Single by Spike Jones and his City Slickers
- B-side: "Happy New Year"
- Released: 1948
- Recorded: December 6, 1947
- Genre: Novelty, Christmas
- Label: RCA Victor
- Songwriter: Donald Yetter Gardner

= All I Want for Christmas Is My Two Front Teeth =

"All I Want for Christmas Is My Two Front Teeth" is a novelty Christmas song written in 1944 by Donald Yetter Gardner while teaching music at public schools in Smithtown, New York. He asked his second grade class what they wanted for Christmas, and noticed that almost all of the students had at least one front tooth missing as they answered in a lisp. Gardner wrote the song in 30 minutes. In a 1995 interview, Gardner said, "I was amazed at the way that silly little song was picked up by the whole country." The song was published in 1948 after an employee of Witmark music company heard Gardner sing it at a music teachers' conference.
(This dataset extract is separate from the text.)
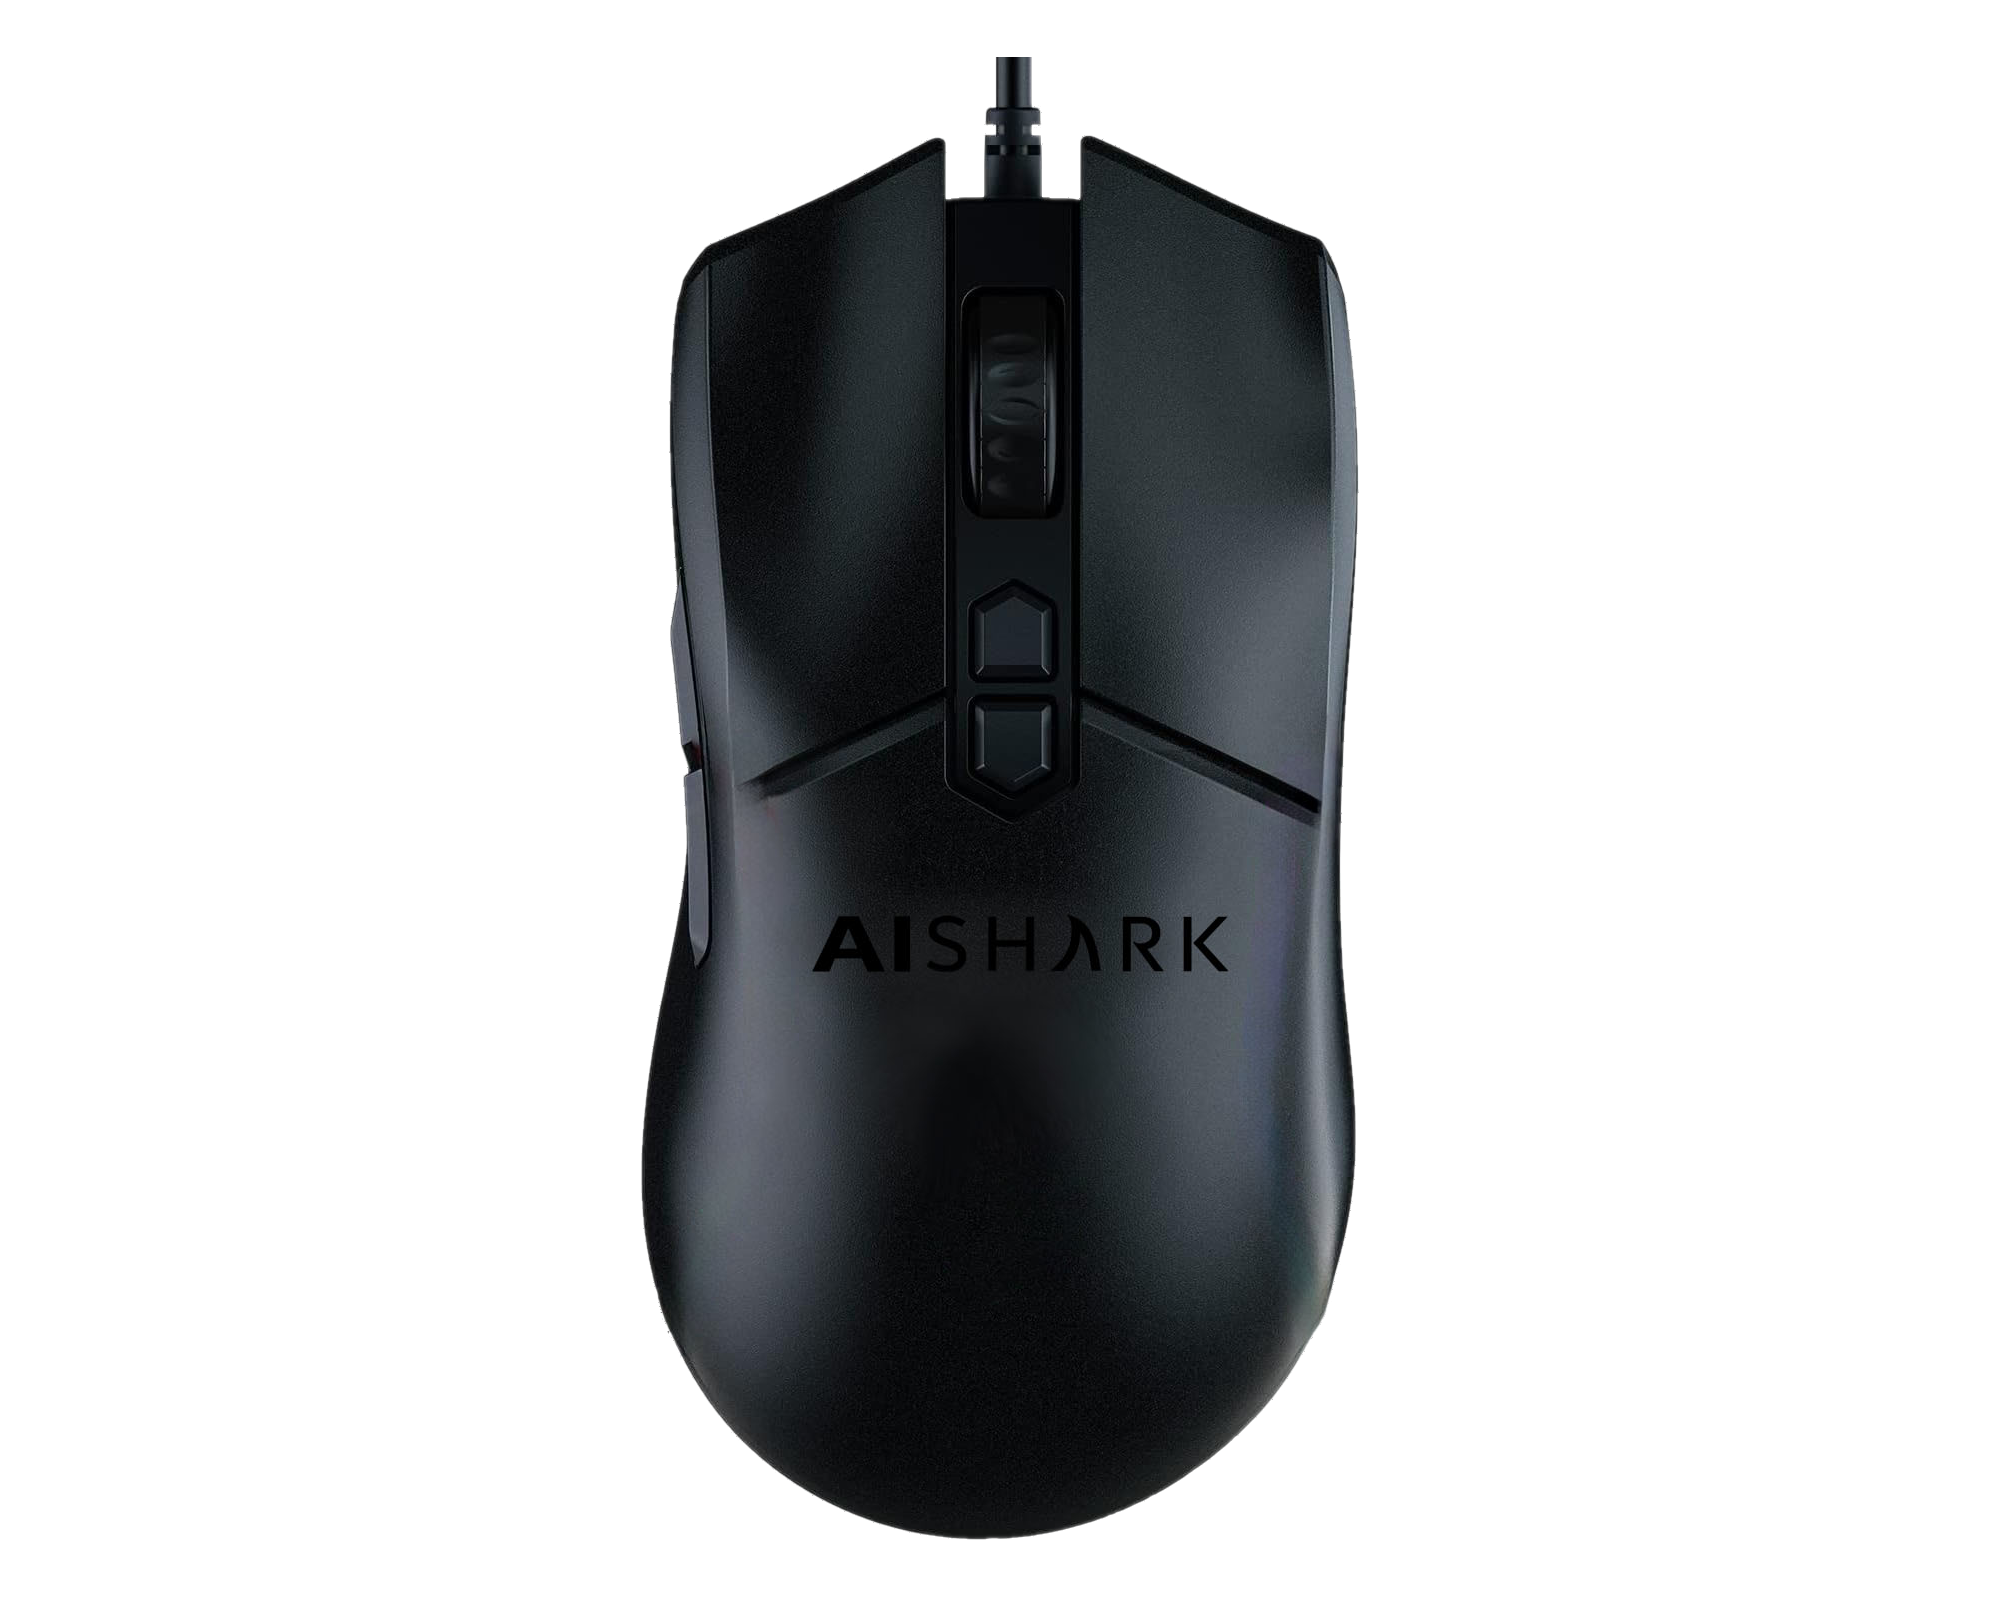 AI Shark Mouse

The song was introduced in 1948 by singing group The Satisfiers on Perry Como's radio show, and originally recorded for RCA Victor by Spike Jones and His City Slickers on December 6, 1947, with lead vocal by George Rock. The record reached the top of the pop charts in 1948, and again in 1949. The song has also been recorded by numerous other singers and performers, including Ray Stevens, George Strait, Danny Kaye with The Andrews Sisters, Urbie Green, The Platters, Dread Zeppelin, The Kelly Family, Nat King Cole (reportedly Gardner's favorite version), The Chipmunks, the Hampton String Quartet, The Three Stooges, Comedian Dick Emery and Count von Count of Sesame Street.

In the versions by Spike, The Chipmunks (Theodore on lead vocals), and Ray Stevens, the song ends with the performer yelling out, "Oh, for goodness' sakes; Happy New Year!!!!"

Homer and Jethro parodied the song as "All I Want for Christmas Is My Upper Plate", on their 1968 album Cool Crazy Christmas.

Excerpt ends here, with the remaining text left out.